Please output the listing that follows exactly, but keep all images out.

DATA EXCERPT:
== Segment start ==

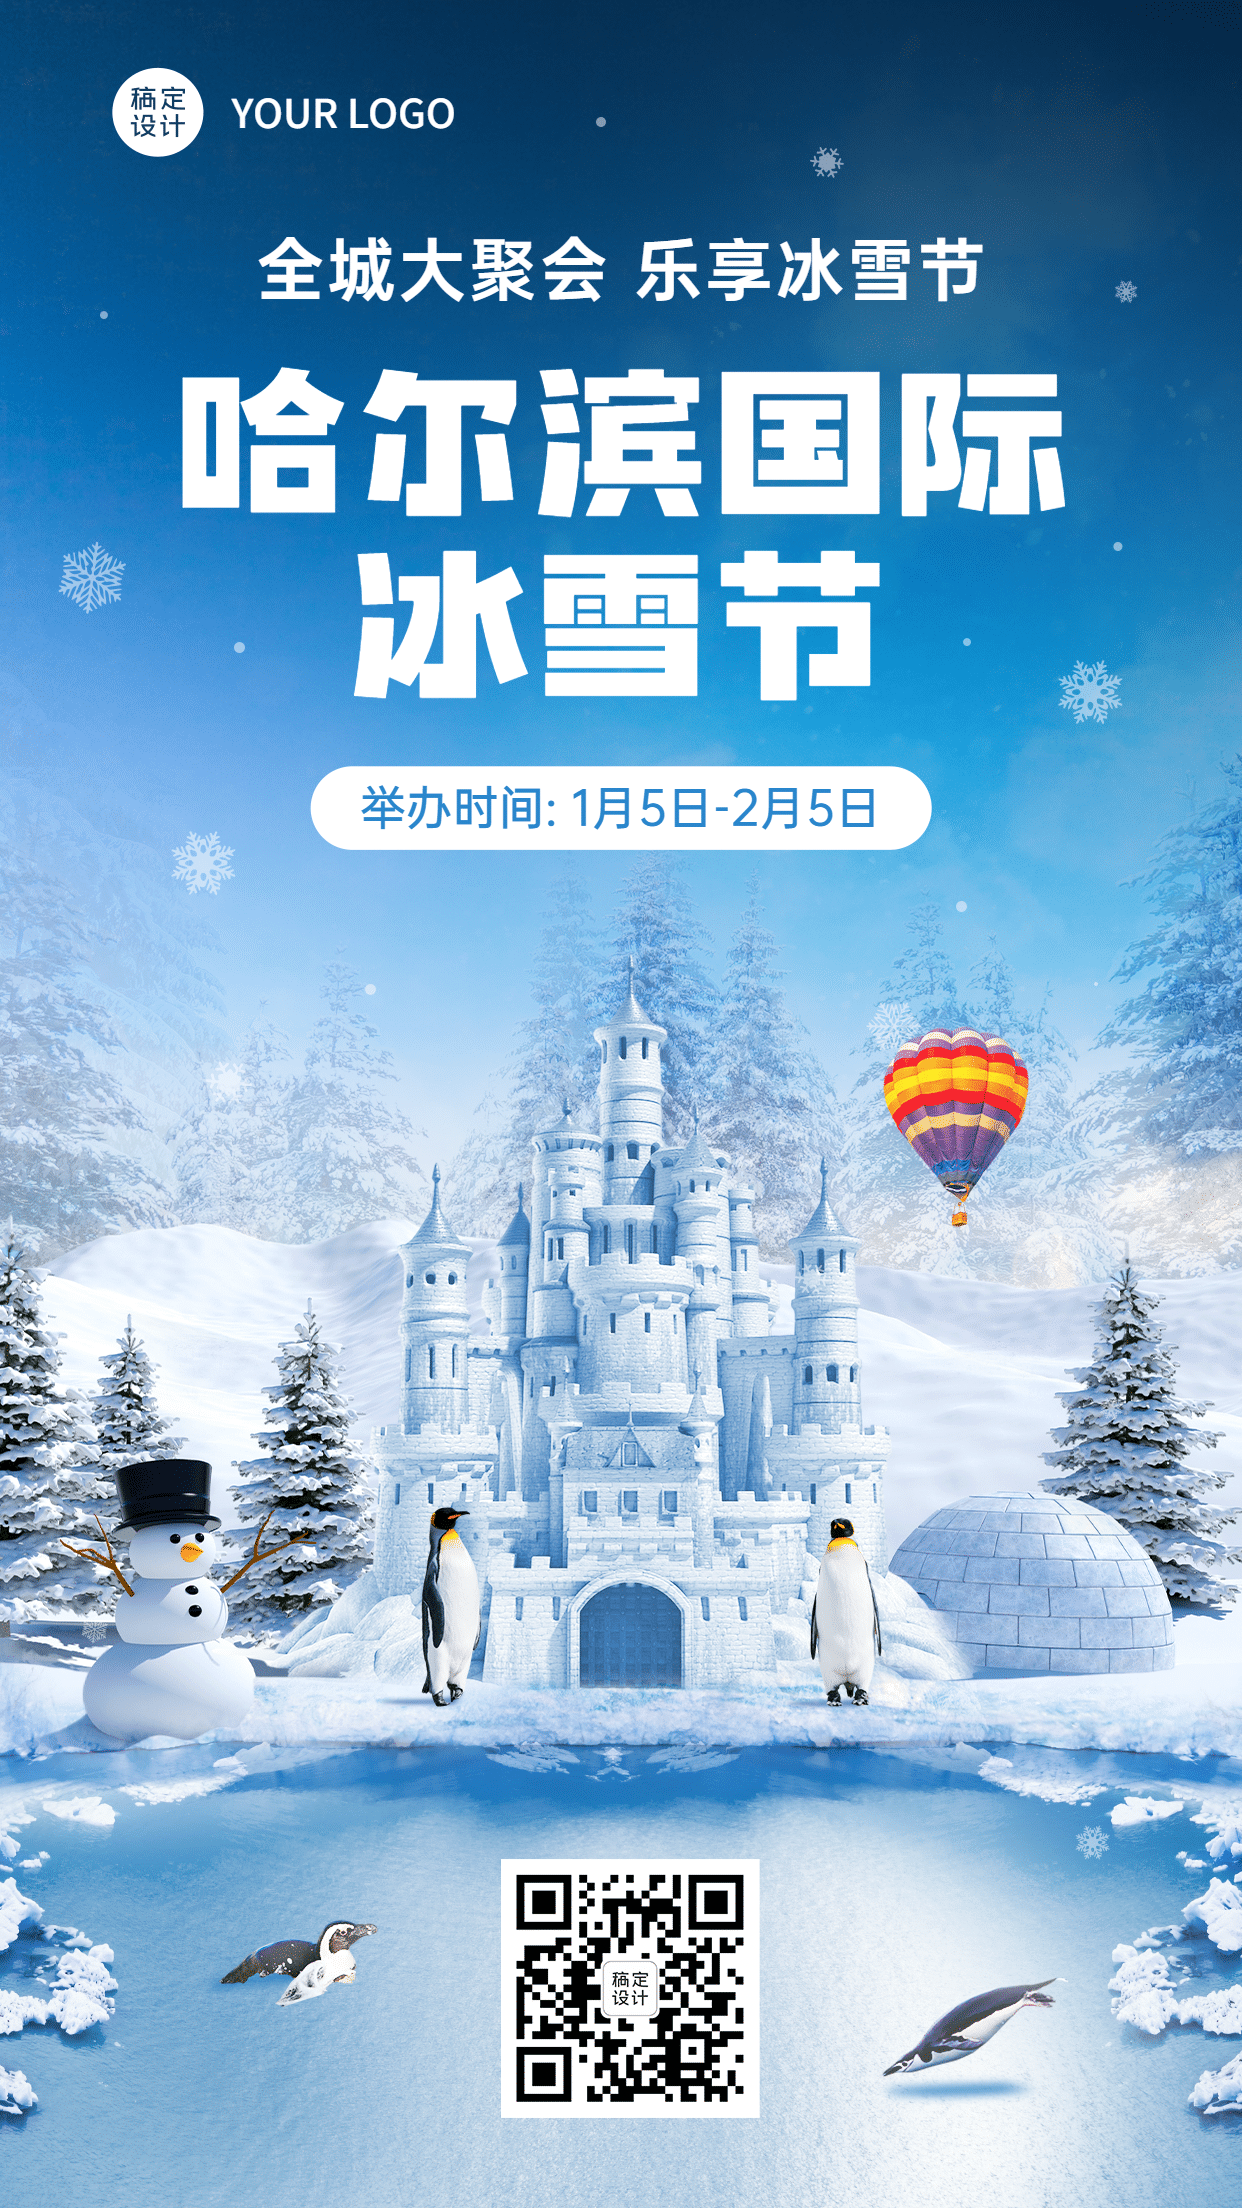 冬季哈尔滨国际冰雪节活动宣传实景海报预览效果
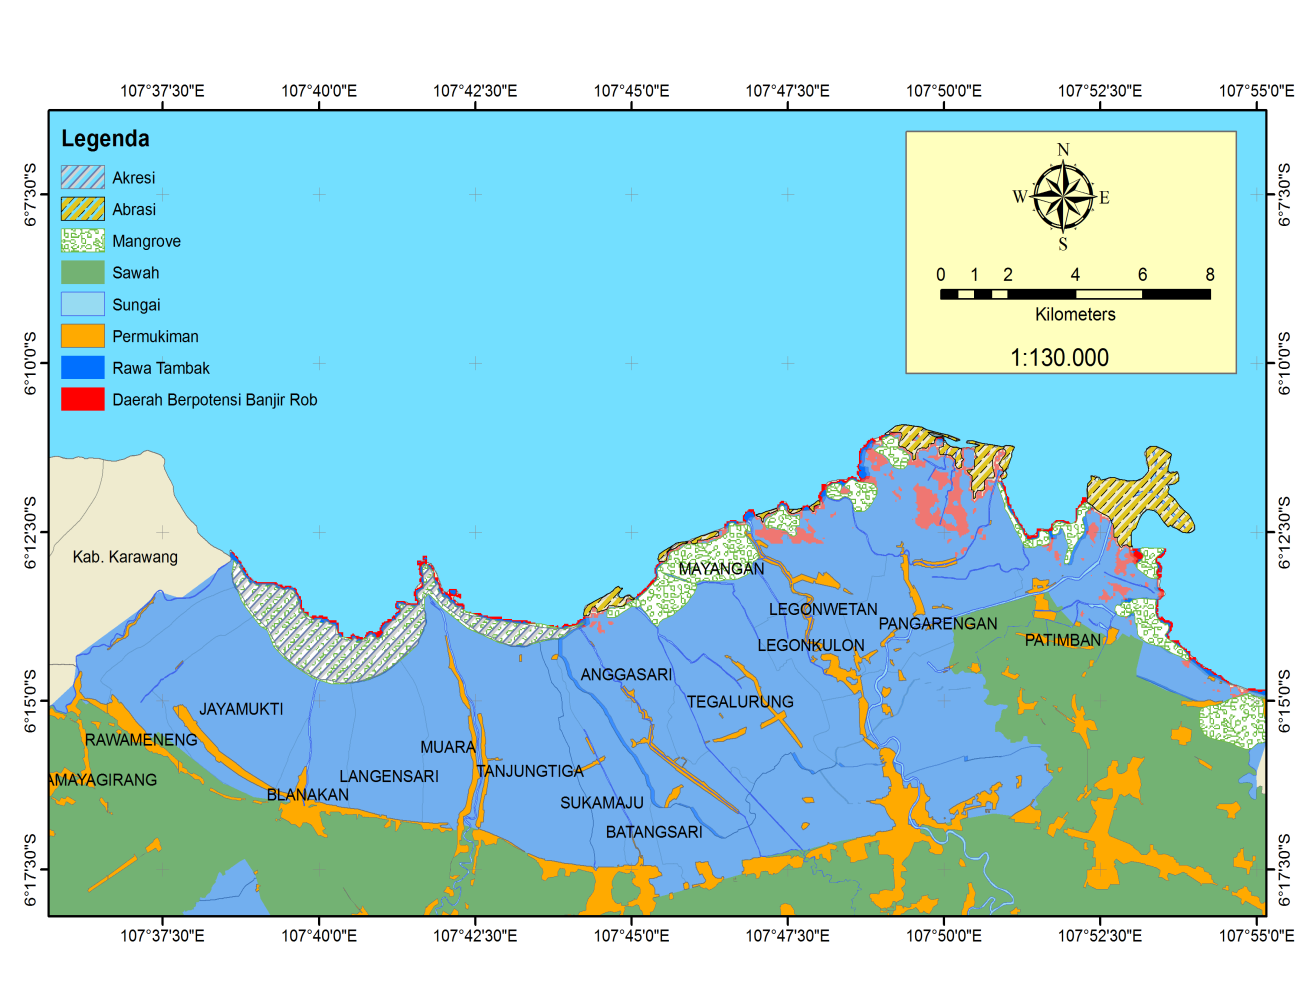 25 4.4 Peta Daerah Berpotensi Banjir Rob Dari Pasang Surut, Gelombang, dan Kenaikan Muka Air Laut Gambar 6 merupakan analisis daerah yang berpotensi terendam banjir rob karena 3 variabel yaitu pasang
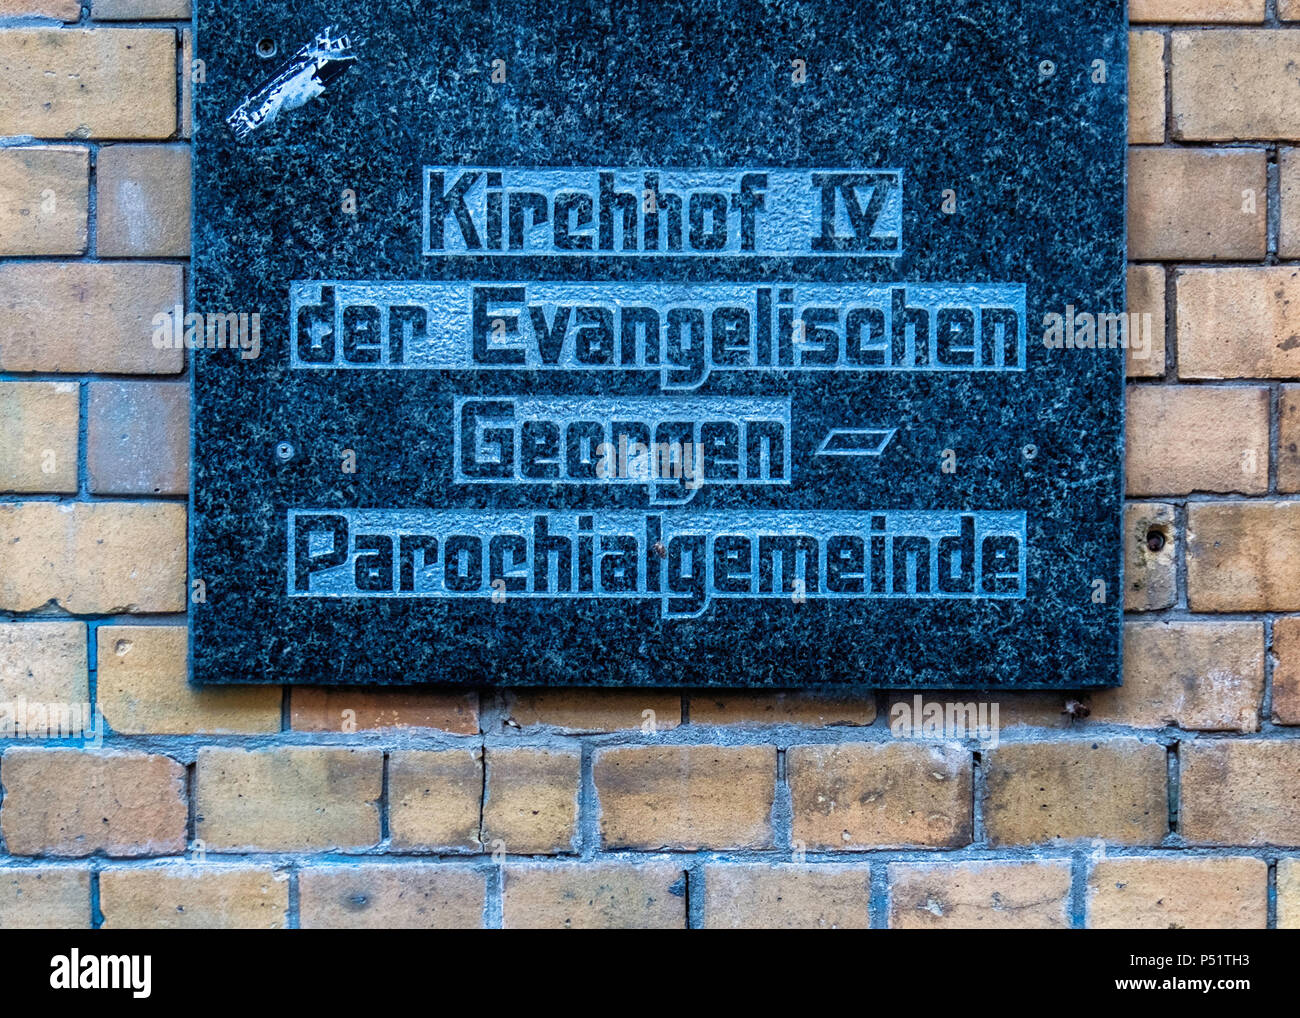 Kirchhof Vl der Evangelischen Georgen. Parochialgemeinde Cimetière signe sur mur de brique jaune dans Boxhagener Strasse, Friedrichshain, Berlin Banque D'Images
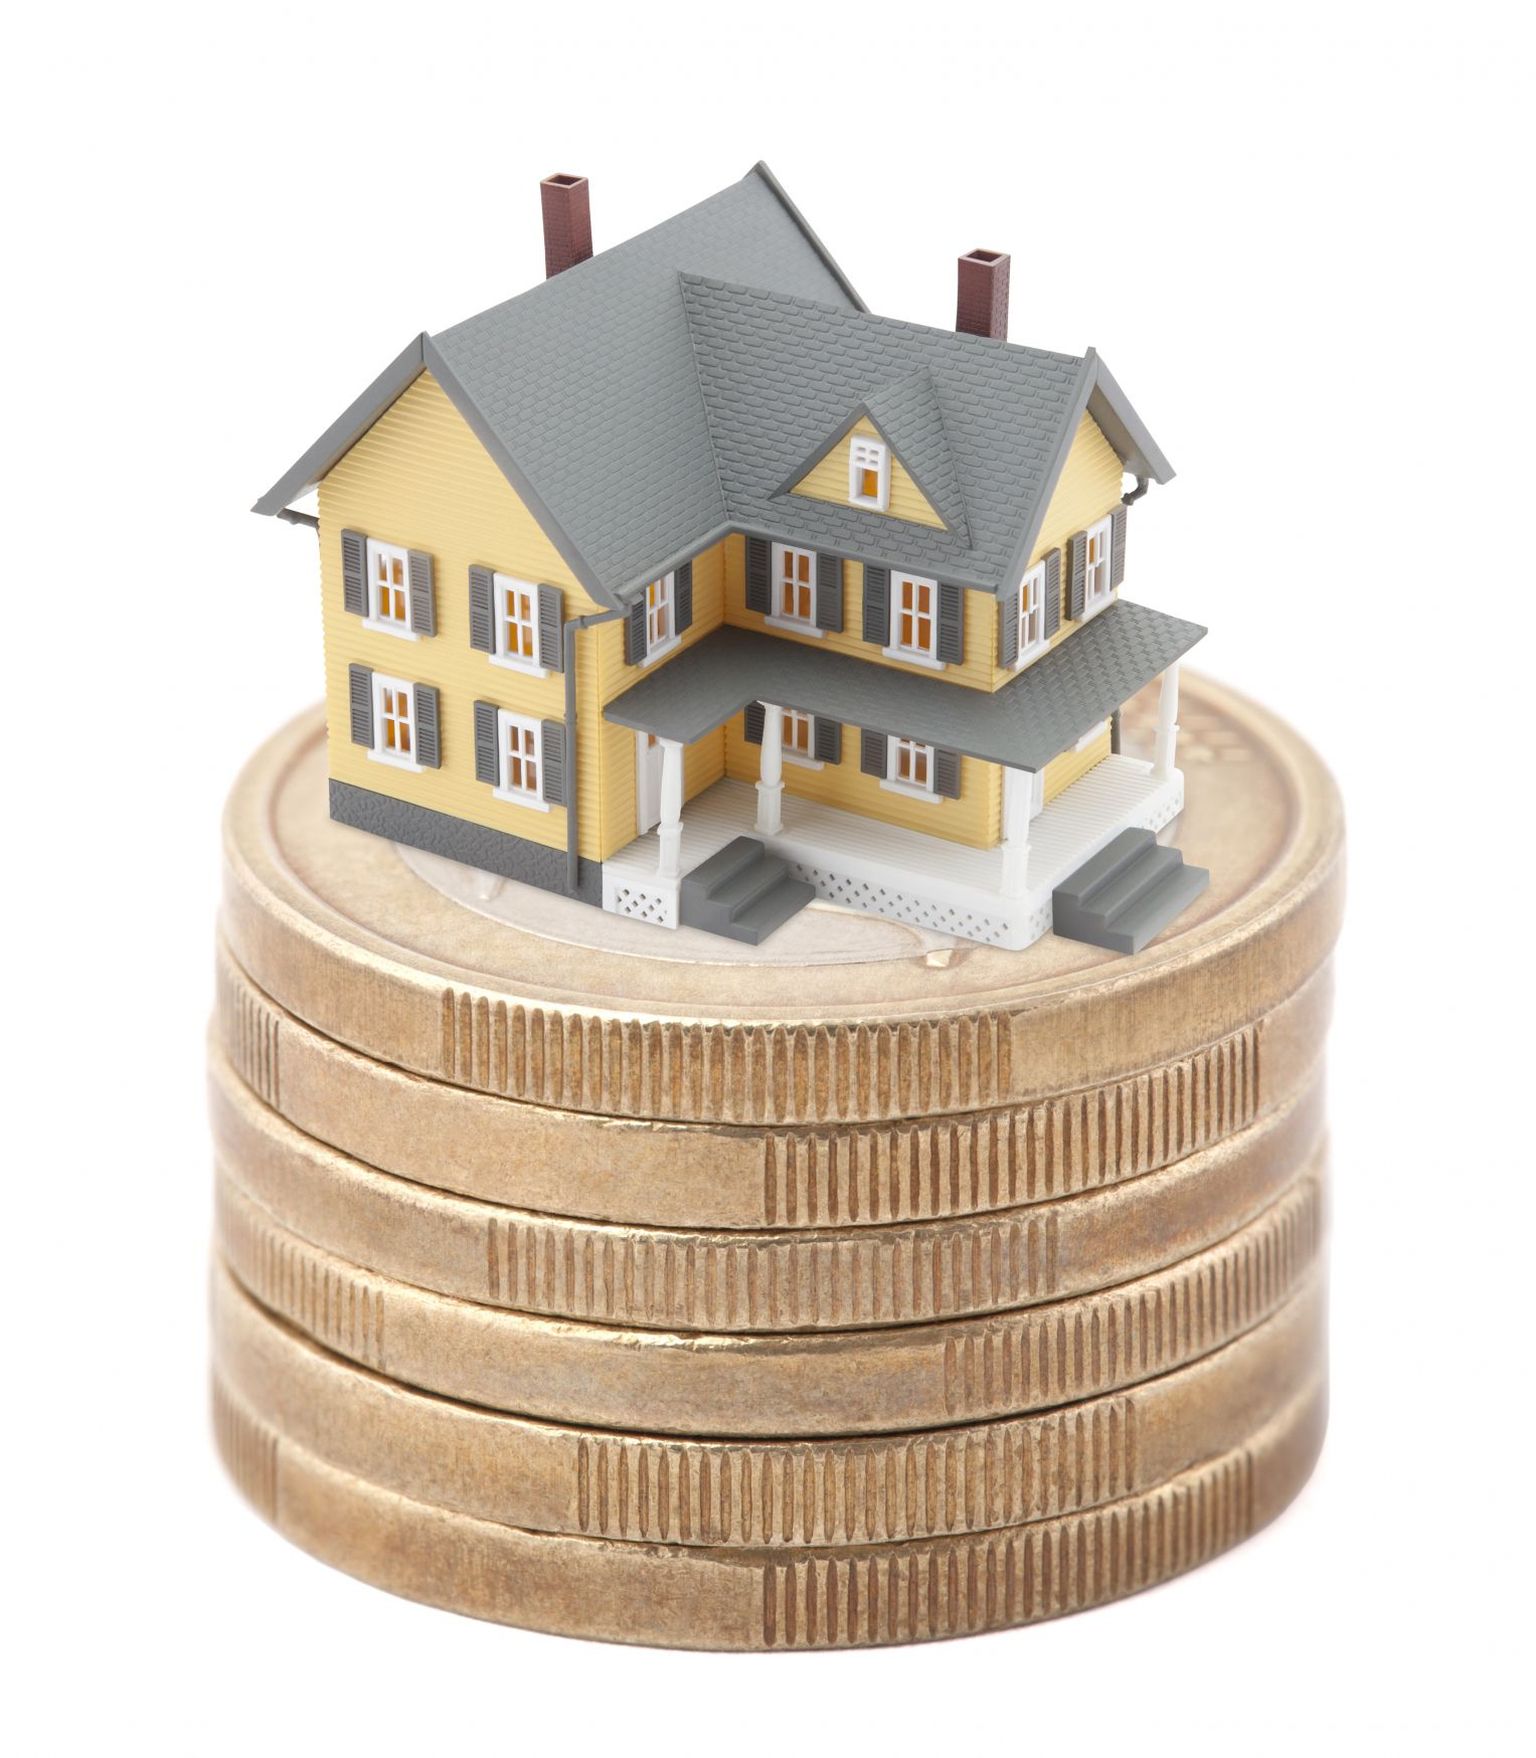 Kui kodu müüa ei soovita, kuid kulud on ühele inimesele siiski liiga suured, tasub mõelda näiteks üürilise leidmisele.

== Segment end ==

ANSWER AREA:
 冬季哈尔滨国际冰雪节活动宣传实景海报预览效果
 25 4.4 Peta Daerah Berpotensi Banjir Rob Dari Pasang Surut, Gelombang, dan Kenaikan Muka Air Laut Gambar 6 merupakan analisis daerah yang berpotensi terendam banjir rob karena 3 variabel yaitu pasang
 Kirchhof Vl der Evangelischen Georgen. Parochialgemeinde Cimetière signe sur mur de brique jaune dans Boxhagener Strasse, Friedrichshain, Berlin Banque D'Images
 Kui kodu müüa ei soovita, kuid kulud on ühele inimesele siiski liiga suured, tasub mõelda näiteks üürilise leidmisele.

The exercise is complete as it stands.